What you are asked to do.
Repeat everything in the listing exactly, except for the images.

Provided data.

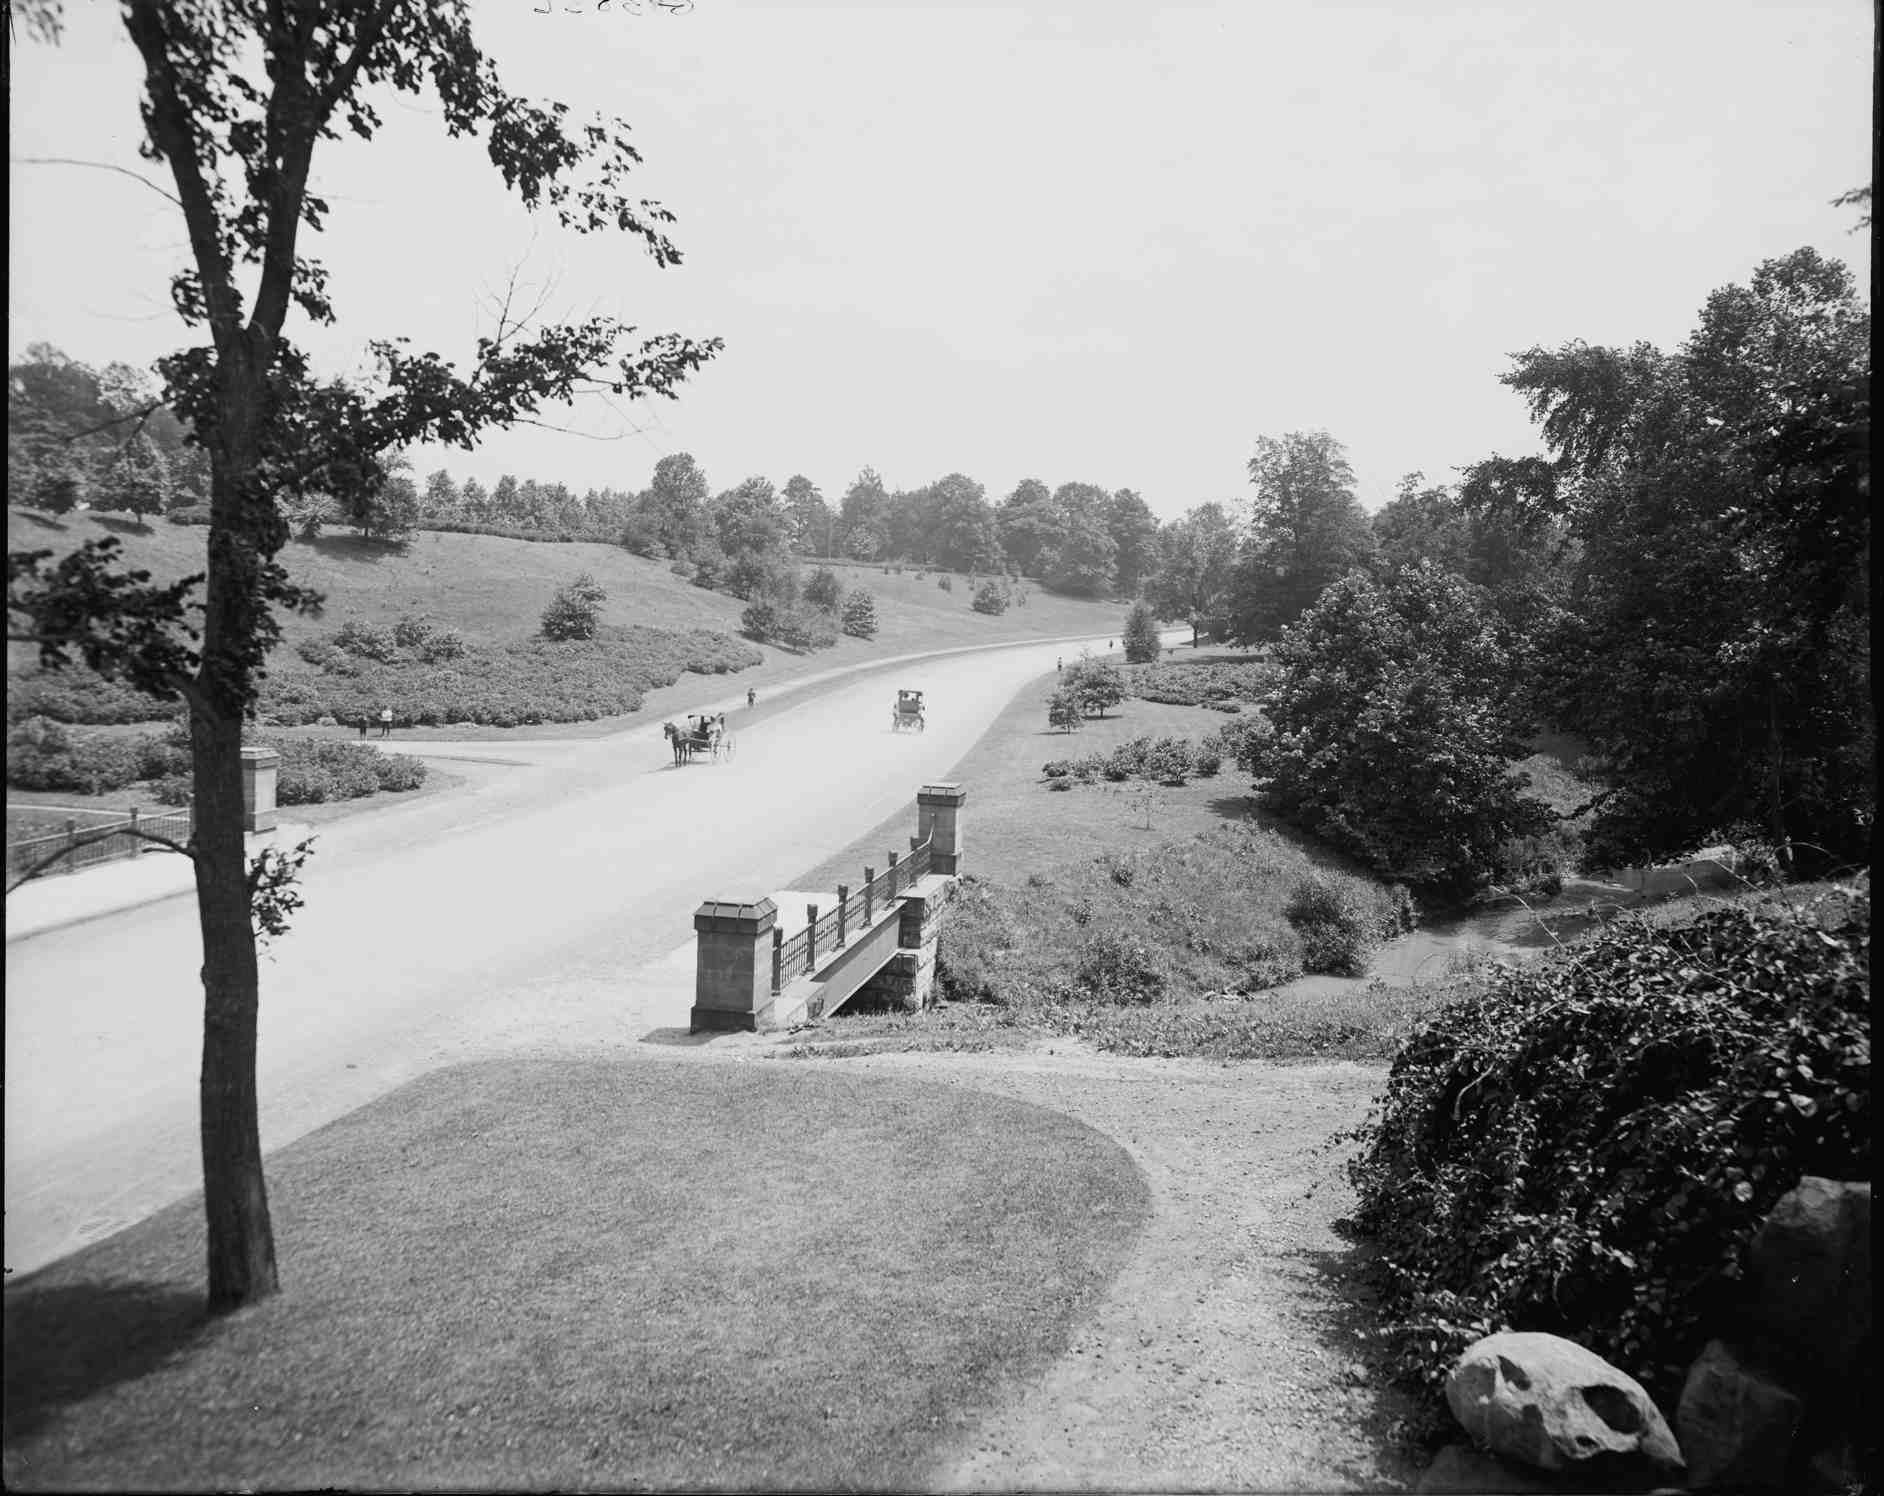 A black and white photo of a road in a park.
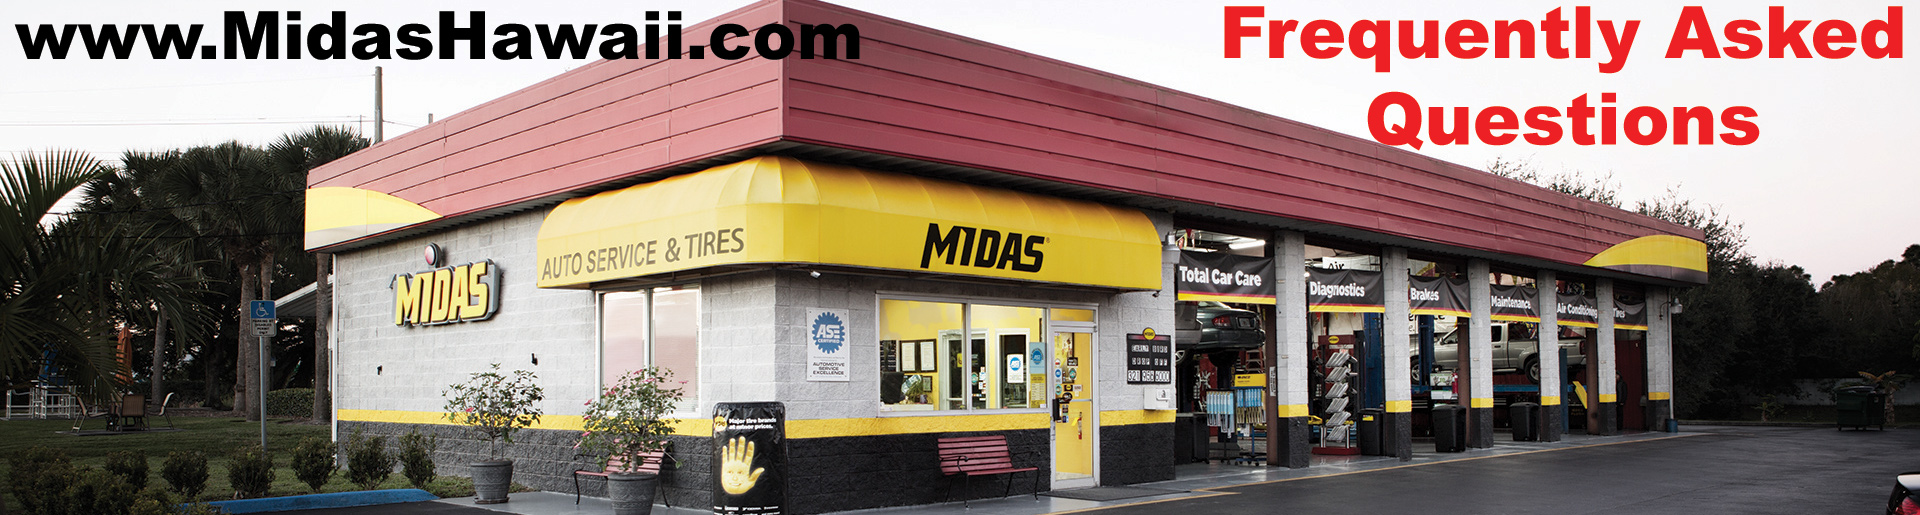 Frequently Asked Questions - Auto Repair & Service - Midas Hawaii
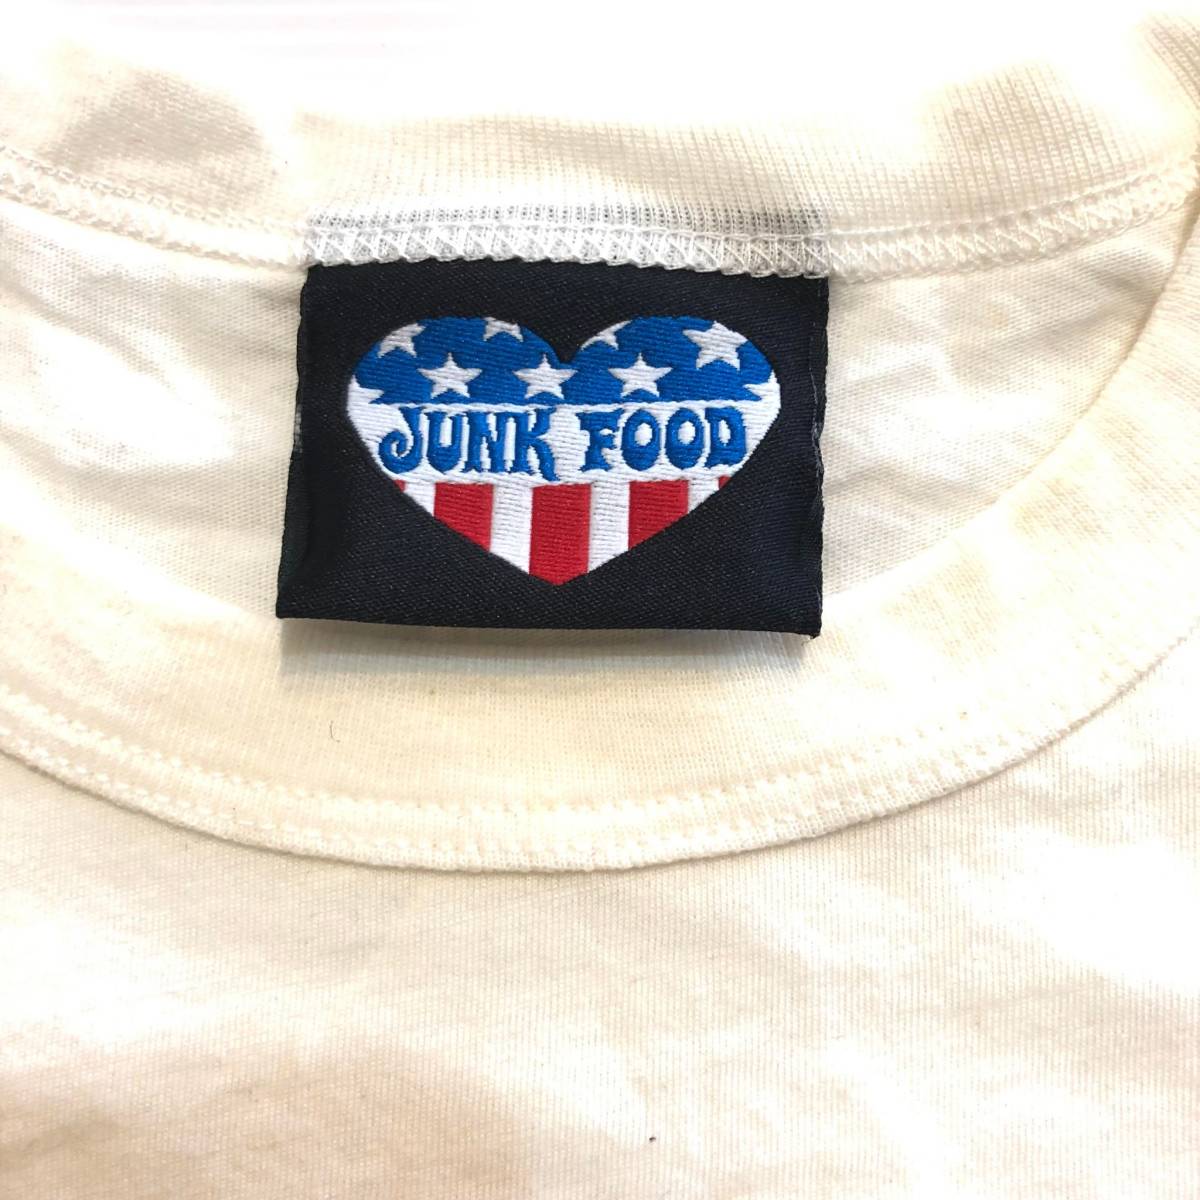 ◎JUNKFOOD ジャンクフード 半袖 Tシャツ サイズS クリーム系 トップス 綿100% used　made in USA_画像5

Expected answer.
 A black and white photo of a road in a park.
 Frequently Asked Questions - Auto Repair & Service - Midas Hawaii
 ◎JUNKFOOD ジャンクフード 半袖 Tシャツ サイズS クリーム系 トップス 綿100% used　made in USA_画像5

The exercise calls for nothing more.